Task requirements: The full listing, copied exactly and free of pictures, is the expected reply.

Supplied information:
========
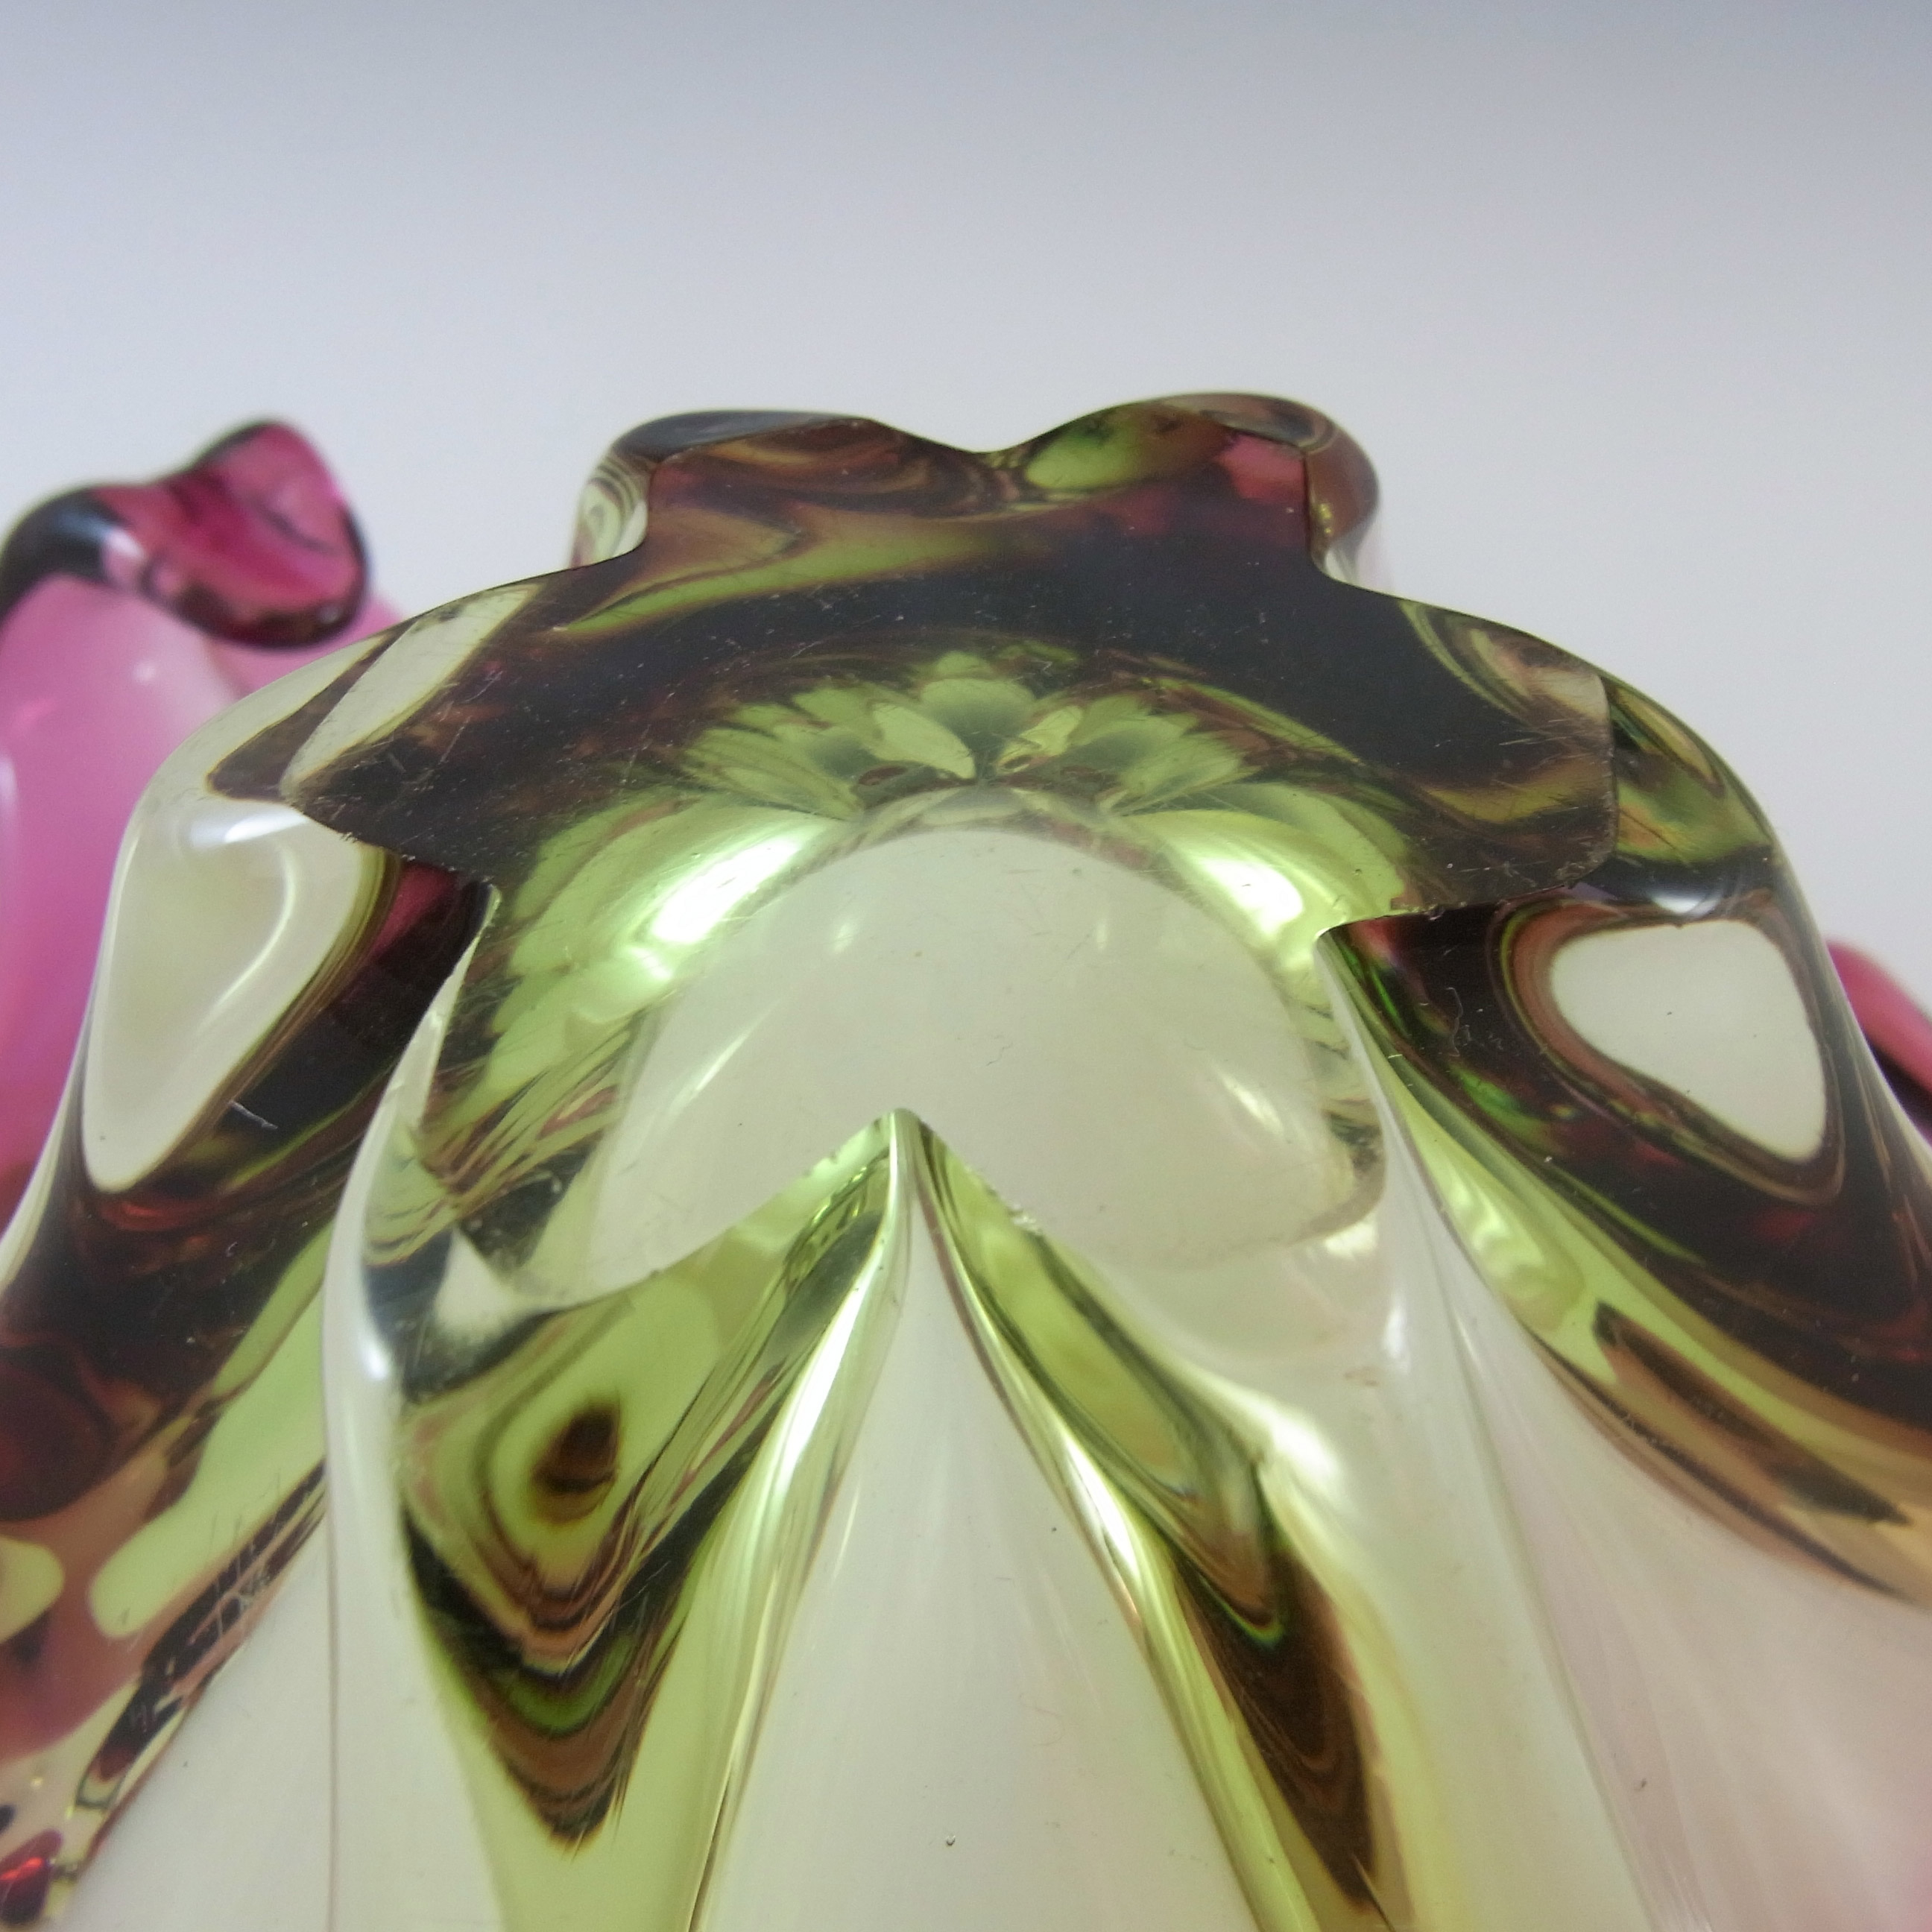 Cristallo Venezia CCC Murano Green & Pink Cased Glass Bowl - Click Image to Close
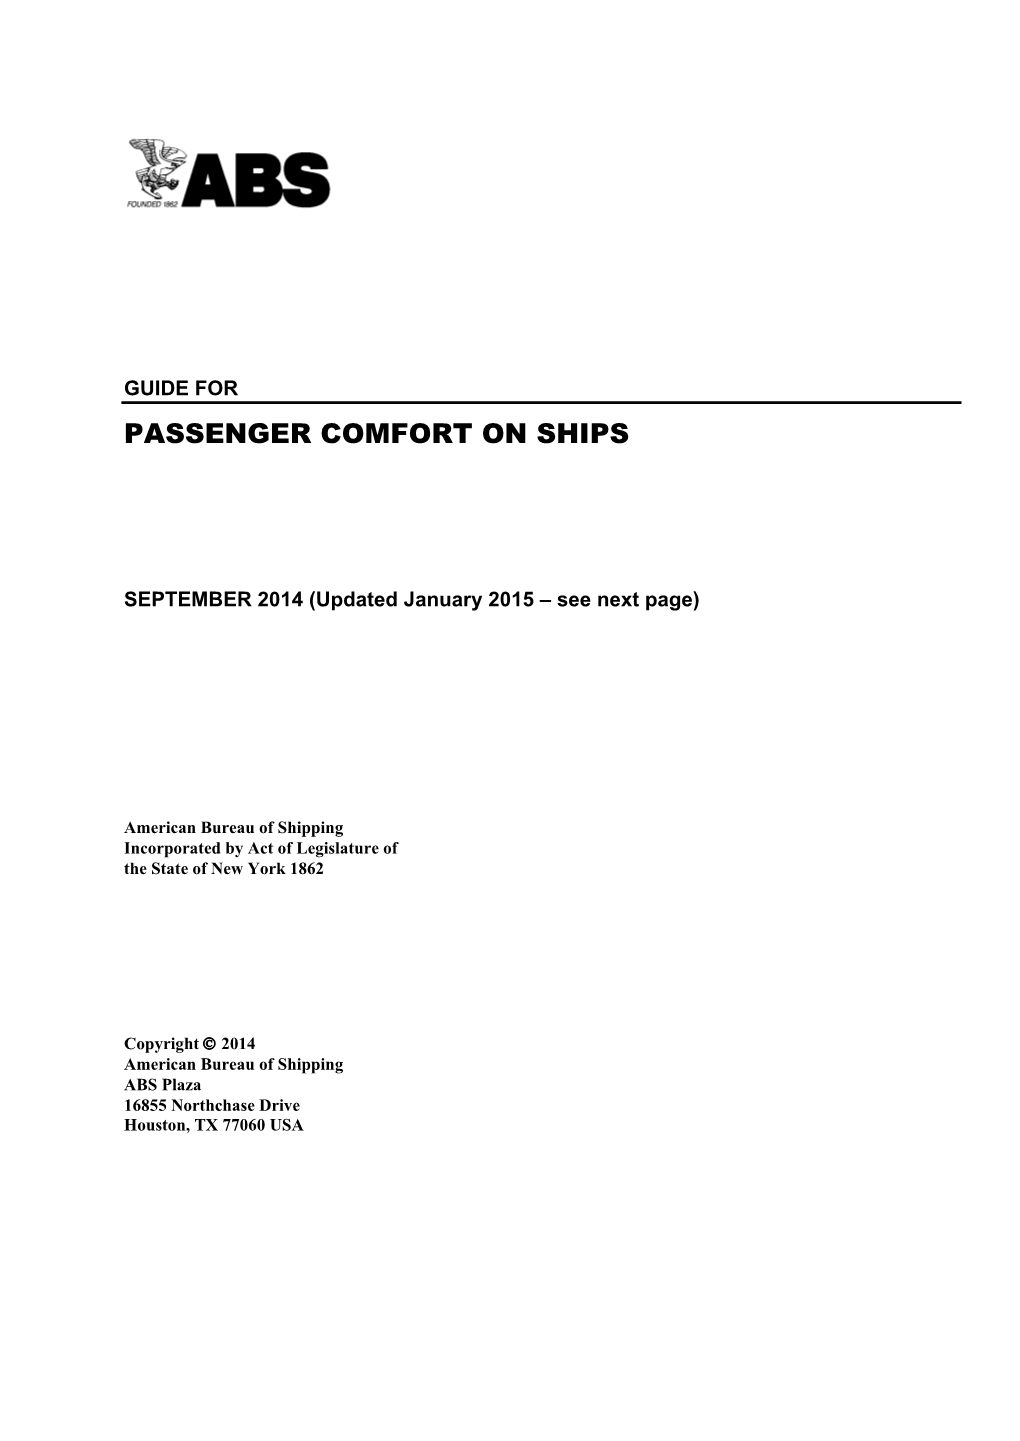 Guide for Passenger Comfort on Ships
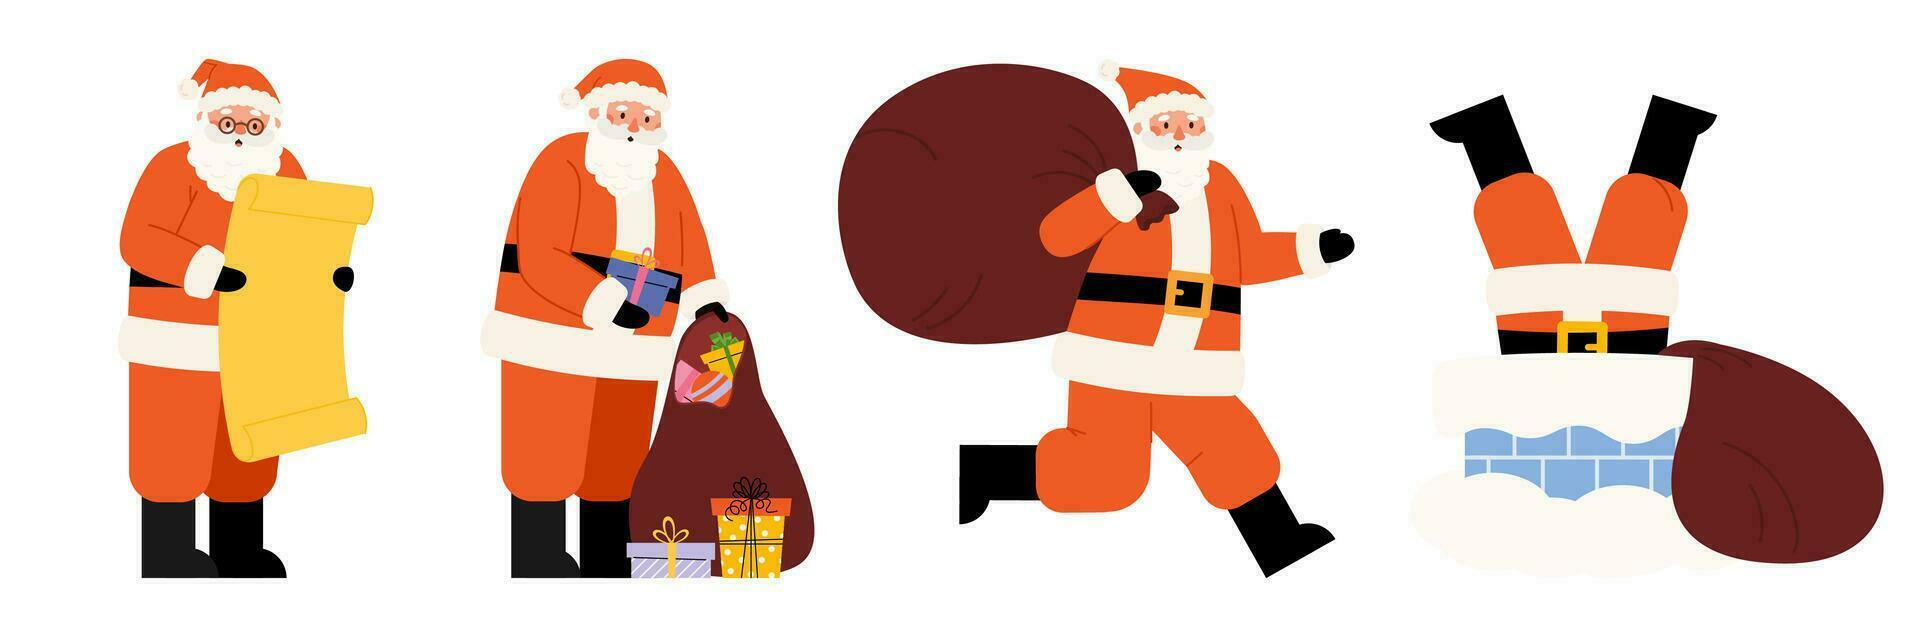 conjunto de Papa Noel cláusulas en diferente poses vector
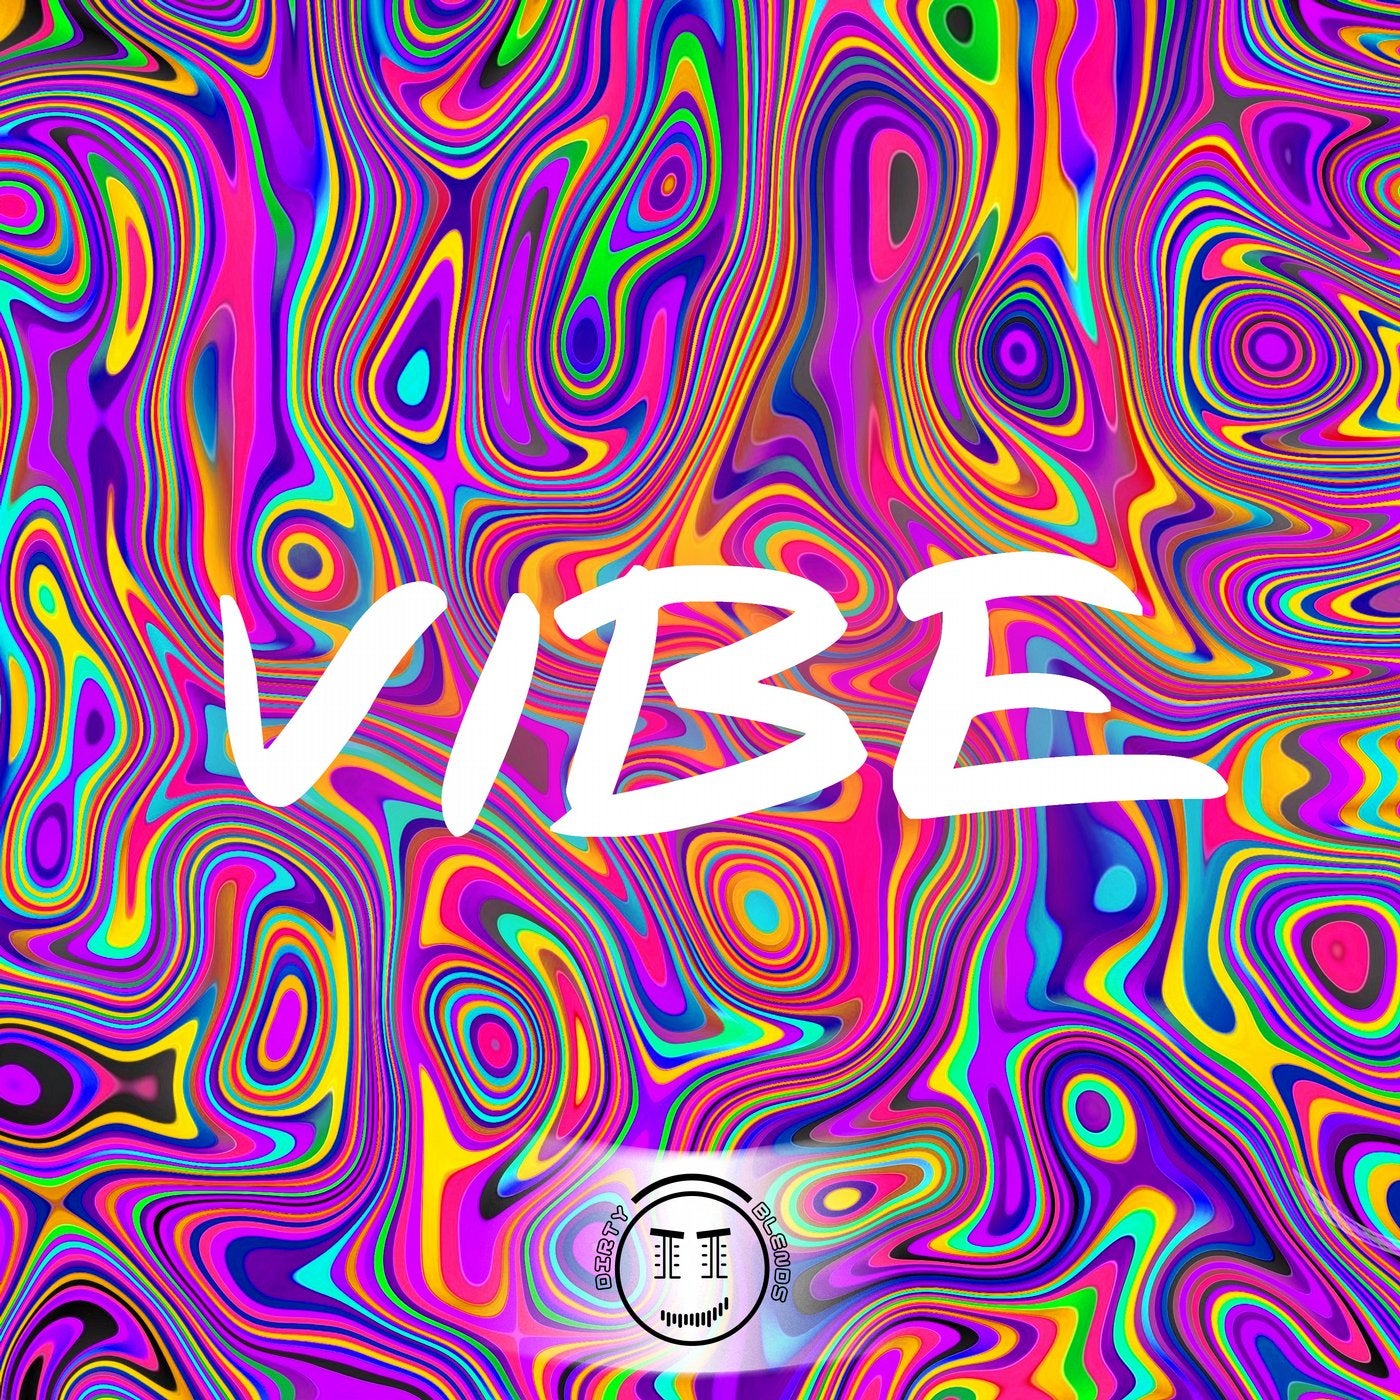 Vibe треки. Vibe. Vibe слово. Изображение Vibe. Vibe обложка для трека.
========
Final answer:
 Cristallo Venezia CCC Murano Green & Pink Cased Glass Bowl - Click Image to Close
 Guide for Passenger Comfort on Ships
 conjunto de Papa Noel cláusulas en diferente poses vector
 Vibe треки. Vibe. Vibe слово. Изображение Vibe. Vibe обложка для трека.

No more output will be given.